All of lore.kernel.org
 help / color / mirror / Atom feed
From: Max Gurtovoy <mgurtovoy@nvidia.com>
To: Sagi Grimberg <sagi@grimberg.me>, Keith Busch <kbusch@kernel.org>
Cc: Christoph Hellwig <hch@lst.de>, <linux-nvme@lists.infradead.org>,
	<chaitanyak@nvidia.com>, <oren@nvidia.com>, <benishay@nvidia.com>,
	<borisp@nvidia.com>, <aviadye@nvidia.com>, <idanb@nvidia.com>,
	<jsmart2021@gmail.com>
Subject: Re: [PATCH v1 0/4] Add command id quirk for fabrics
Date: Thu, 11 Nov 2021 11:29:11 +0200	[thread overview]
Message-ID: <fc27faf4-c876-ced5-c9cb-2d6730e07f2d@nvidia.com> (raw)

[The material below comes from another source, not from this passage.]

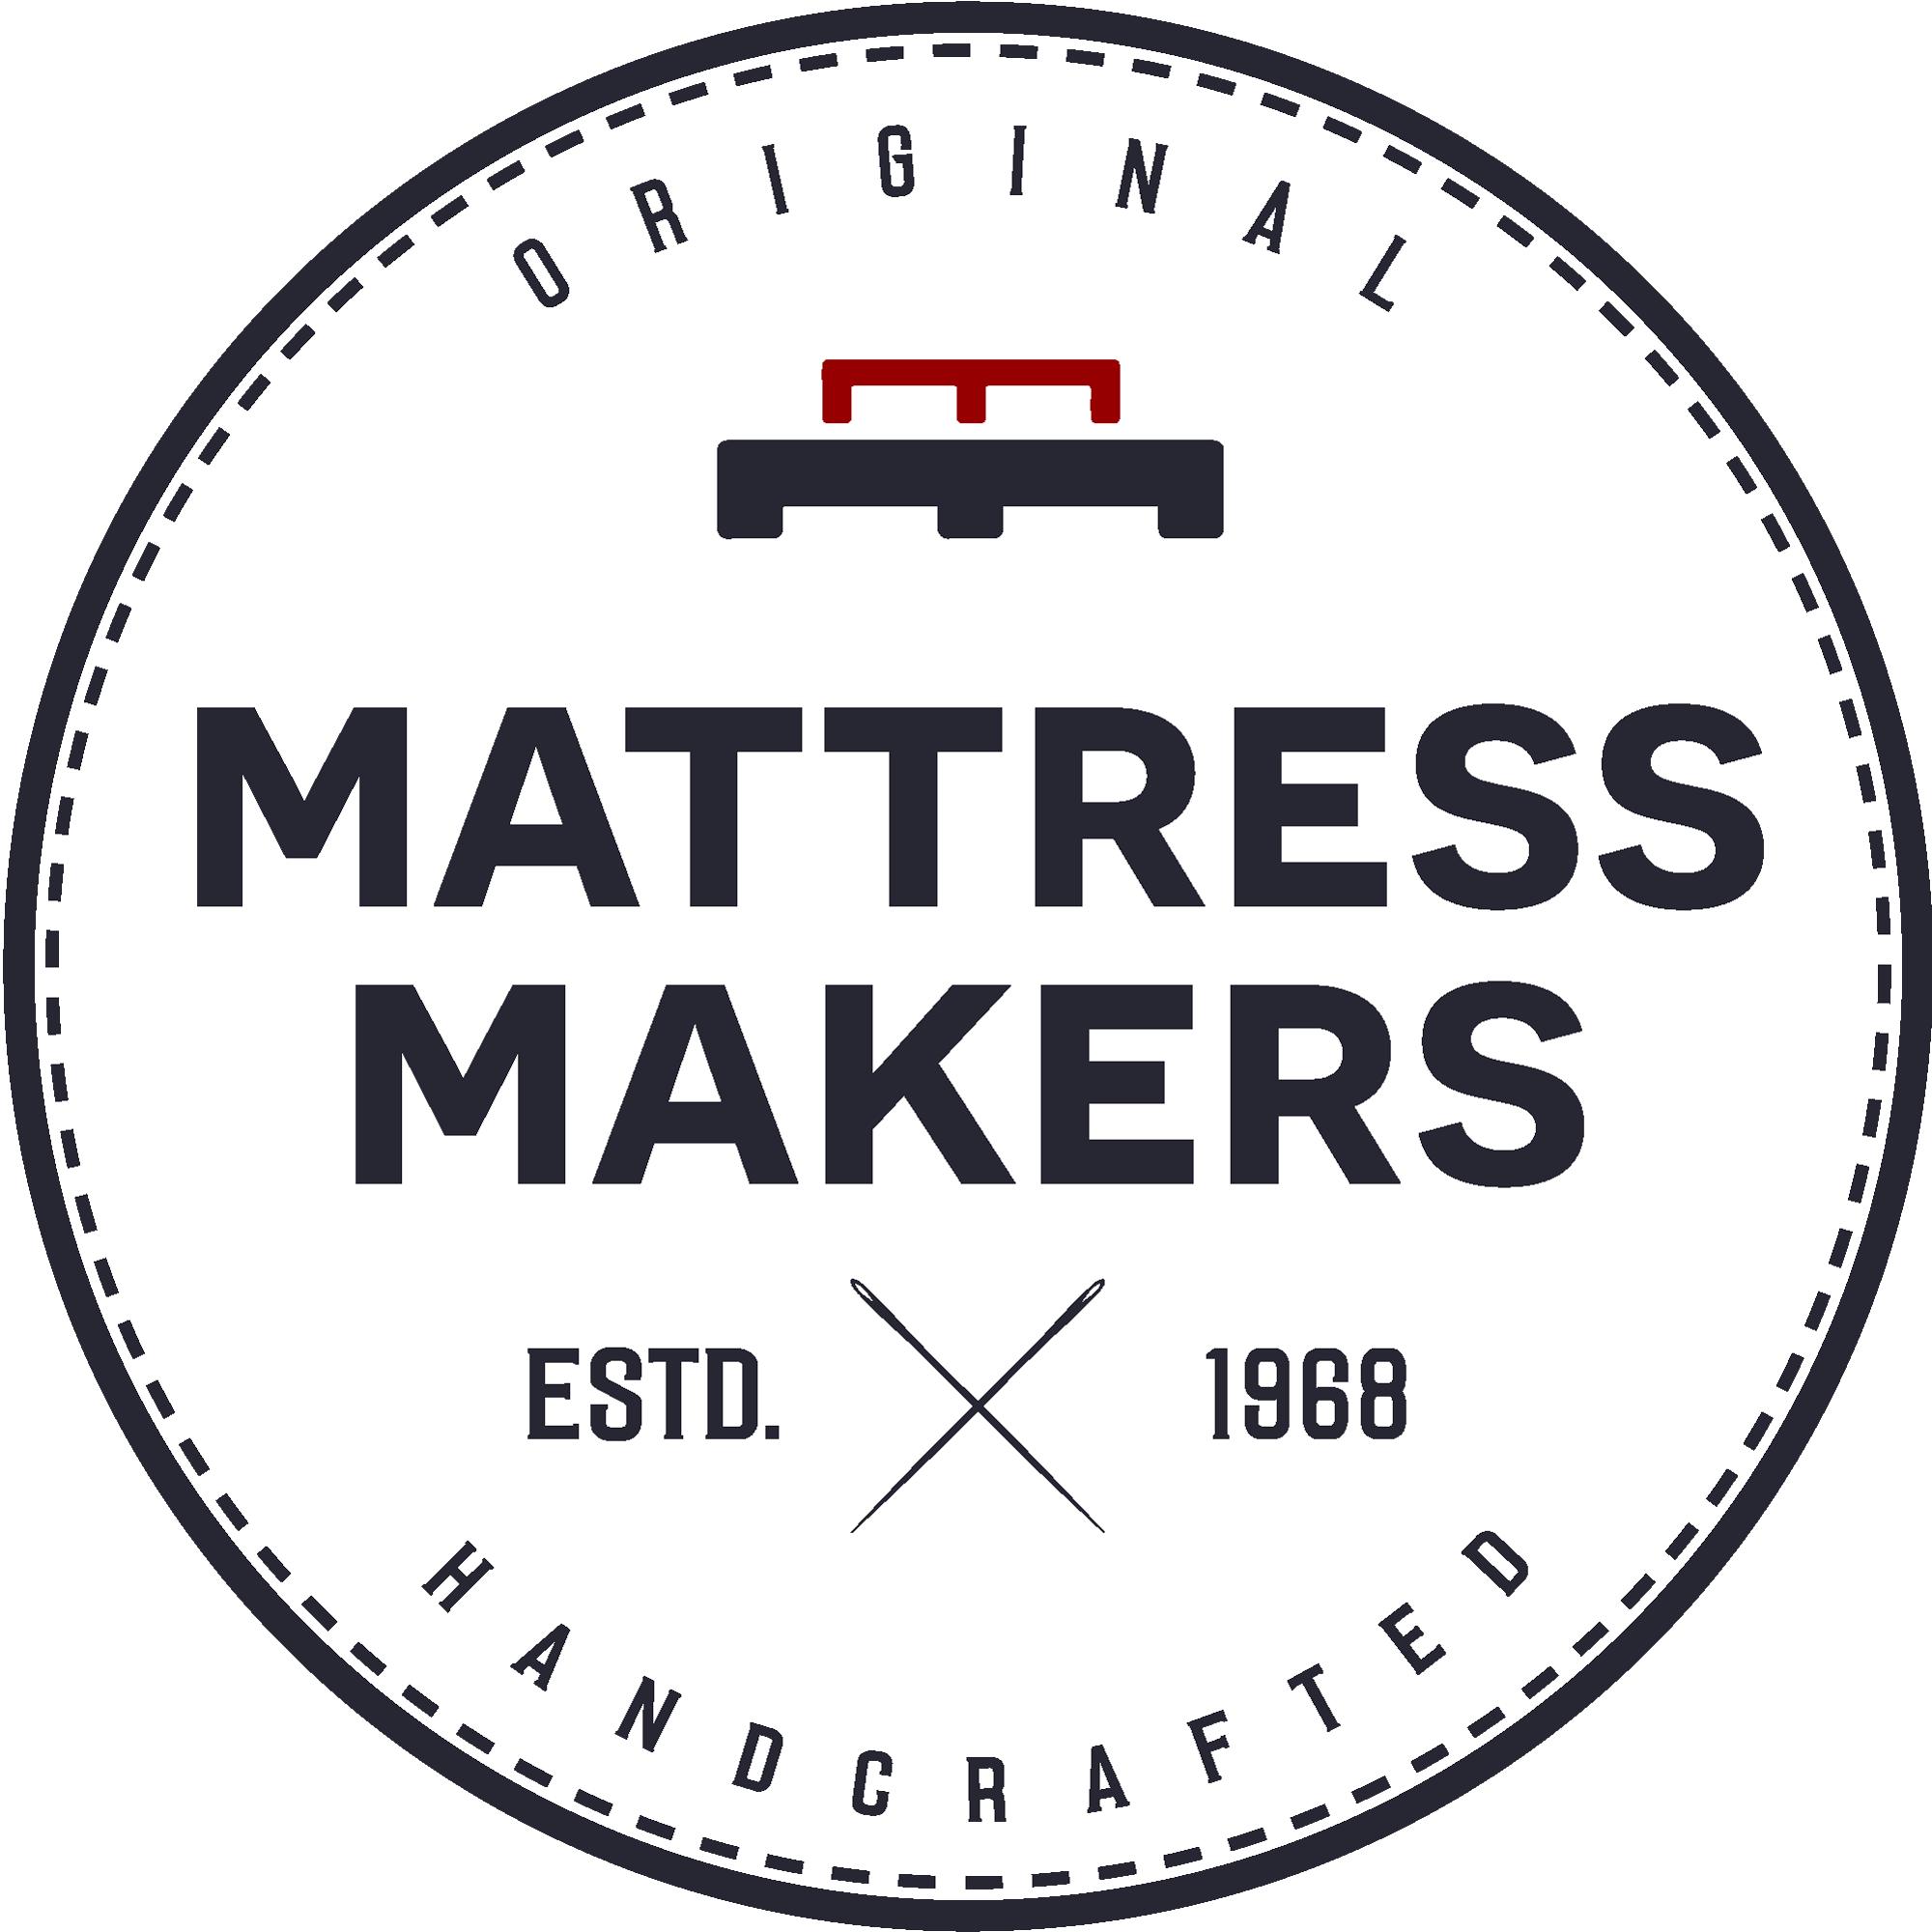 La Mesa Mattress Makers
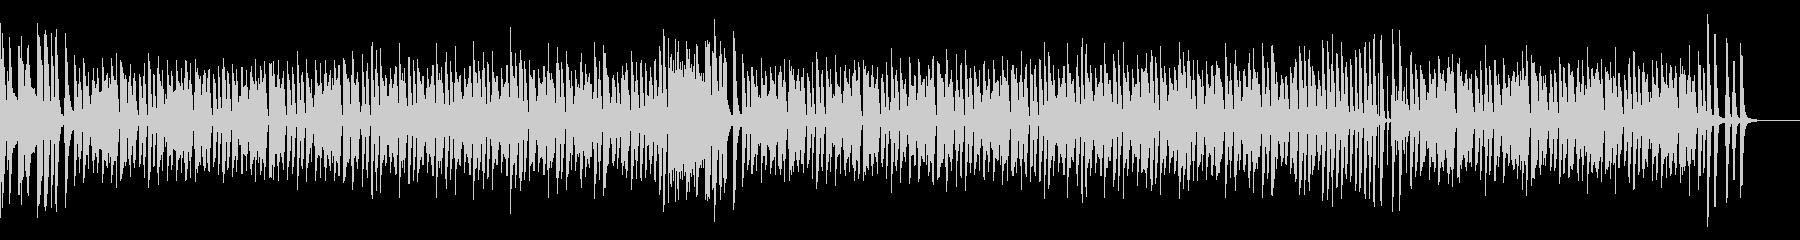 ほのぼのチャレンジ(ピアノ&カウベル)の未再生の波形

In-Reply-To: <e2d589ab-2457-a3c8-ba2a-9e4f813d9a72@grimberg.me>


On 11/10/2021 9:45 PM, Sagi Grimberg wrote:
> Hey, sorry for the late chime here, ramping up on some emails.
>
>>>>>>> Max, if you can't point us to a broken target (and yes, it is 
>>>>>>> broken)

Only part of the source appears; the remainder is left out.